Prior to the opening of the St. Lawrence Seaway in 1959, the Port of Saint John functioned as the winter port for Montreal, Quebec when shipping was unable to traverse the sea ice in the Gulf of St. Lawrence and St. Lawrence River. The Canadian Pacific Railway opened a line to Saint John from Montreal in 1889 across the state of Maine and transferred the majority of its trans-Atlantic passenger and cargo shipping to the port during the winter months. The port fell into decline following the seaway opening and the start of year-round icebreaker services in the 1960s. In 1994 CPR left Saint John when it sold the line to shortline operator New Brunswick Southern Railway. The Canadian National Railway still services Saint John with a secondary mainline from Moncton. Despite these setbacks, Port Saint John is the largest port by volume in Eastern Canada, at about 28 million metric tonnes of cargo per year, including containers and bulk cargo.

Military
Besides being the location of several historical forts, such as Fort Howe, Fort Dufferin, Fort Latour, and the Carleton Martello Tower, Saint John is the location of a number of reserve units of the Canadian Forces.

Naval Reserve
 HMCS Brunswicker
37 Canadian Brigade Group
 3rd Field Artillery Regiment, RCA: Regimental headquarters and 115th Field Battery (The Loyal Company)
 Royal New Brunswick Regiment (Carleton & York): B Company
 37 Signal Regiment: Det Saint John, and 2 Squadron
 37 Service Battalion: Battalion headquarters and a composite logistics company

Labour

Canada's first trade union
Saint John is often described as the birthplace of unionism in Canada and is one of the few pre-capitalist colonial settlements in North America. The city has a history of labour achievements and sparked the Canadian labour movement with Canada's first trade union, the Labourers' Benevolent Association (now International Longshoremen's Association Local 273). In 1849 the union was formed when Saint John's longshoremen banded together to lobby for regular pay and a shorter workday. One of their first resolutions was to apply to the city council for permission to erect the bell, which would announce the beginning and end of the labourers' 10-hour workday. As the bell shears were hardly finished when capitalists and merchants in the city objected to the bell and successfully lobbied city hall to keep the bell from being put up. But then, citizens and longshoremen defied the order and erected a larger bell and merchants withdrew their opposition to the "Labourers' Bell". ILA Local 273 remain one of the city's strongest trade unions to this day.

The Saint John Street Railwaymen's strike and riot of 1914

The 1914 Saint John street railway strike (sometimes called the Saint John street railwaymen's strike) was a strike by workers on the street railway system in the city which lasted from July 22 to 24, 1914, with rioting by Saint John inhabitants occurring on July 23 and 24. The strike was important for shattering the image of Saint John as a conservative town dominated primarily by ethnic and religious (rather than class) divisions, and highlighting tensions between railway industrialists and the local working population.

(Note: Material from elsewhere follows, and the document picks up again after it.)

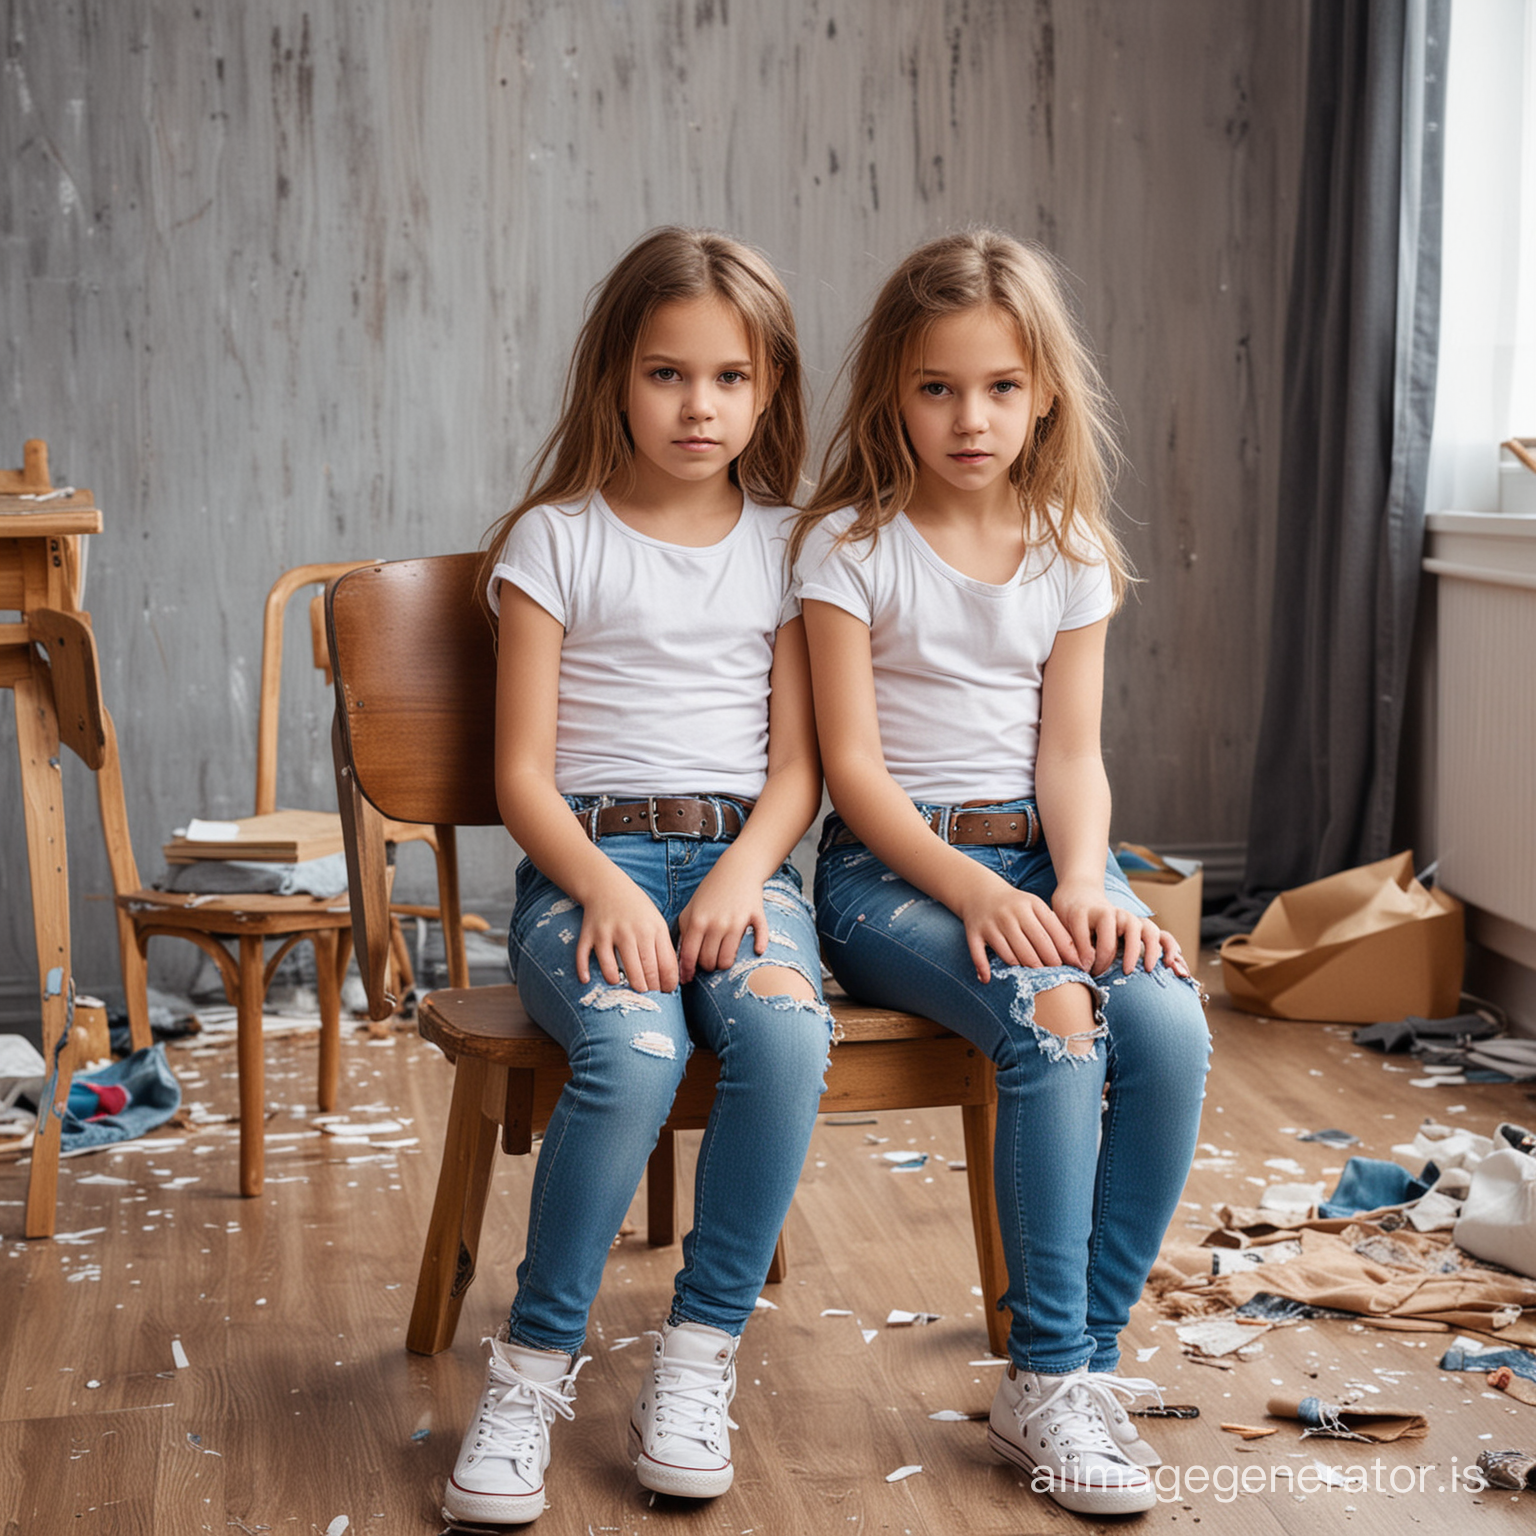 photo of two girls,13years,ripped tight jeans with belt,stern face,sitting on a chair in a messy children's room

October 14, 1976: The Saint John General Strike
The Saint John General Strike of 1976 was a result of the Bill C-73 passed by Prime Minister of Canada, Pierre Elliott Trudeau, and the House of Commons in Ottawa on October 14, 1975. This bill limited wage increases to 8% the first year, 6% the second year, and 4% the third year after its enactment. Most provinces of Canada accepted the bill by spring of 1976, but within eighteen months they began to withdraw from the program. After its introduction in 1975, it was not until 1976 that the Anti-Inflation Board (AIB) began to roll back workers' wages. The employees of Irving Pulp and Paper, members of the Canadian Paper Workers Union, were among the first to experience the roll backs implemented by the AIB. The paper workers were required to give back to the employer 9.8% of their previous wage increase the first year, and 11% the second year. The Atlantic Sugar Refinery workers of the Bakery and Confectionary Workers International Union of America soon felt the burden as well. The majority of workers within Saint John were influenced by the AIB by January 1976. On February 5, 1976, the Saint John District and the Labour Council held a conference to plan an organized opposition to the AIB. Fifty-two people came to the meeting as representatives of twenty-six unions in Saint John. The council was led by the Labour Council president, George Vair. They began by educating those present on wage control legislation, but swiftly transitioned into rallying and demonstrating in opposition throughout the city. Five thousand marched from numerous ends of the town to King Square. All major industries in Saint John were shut down.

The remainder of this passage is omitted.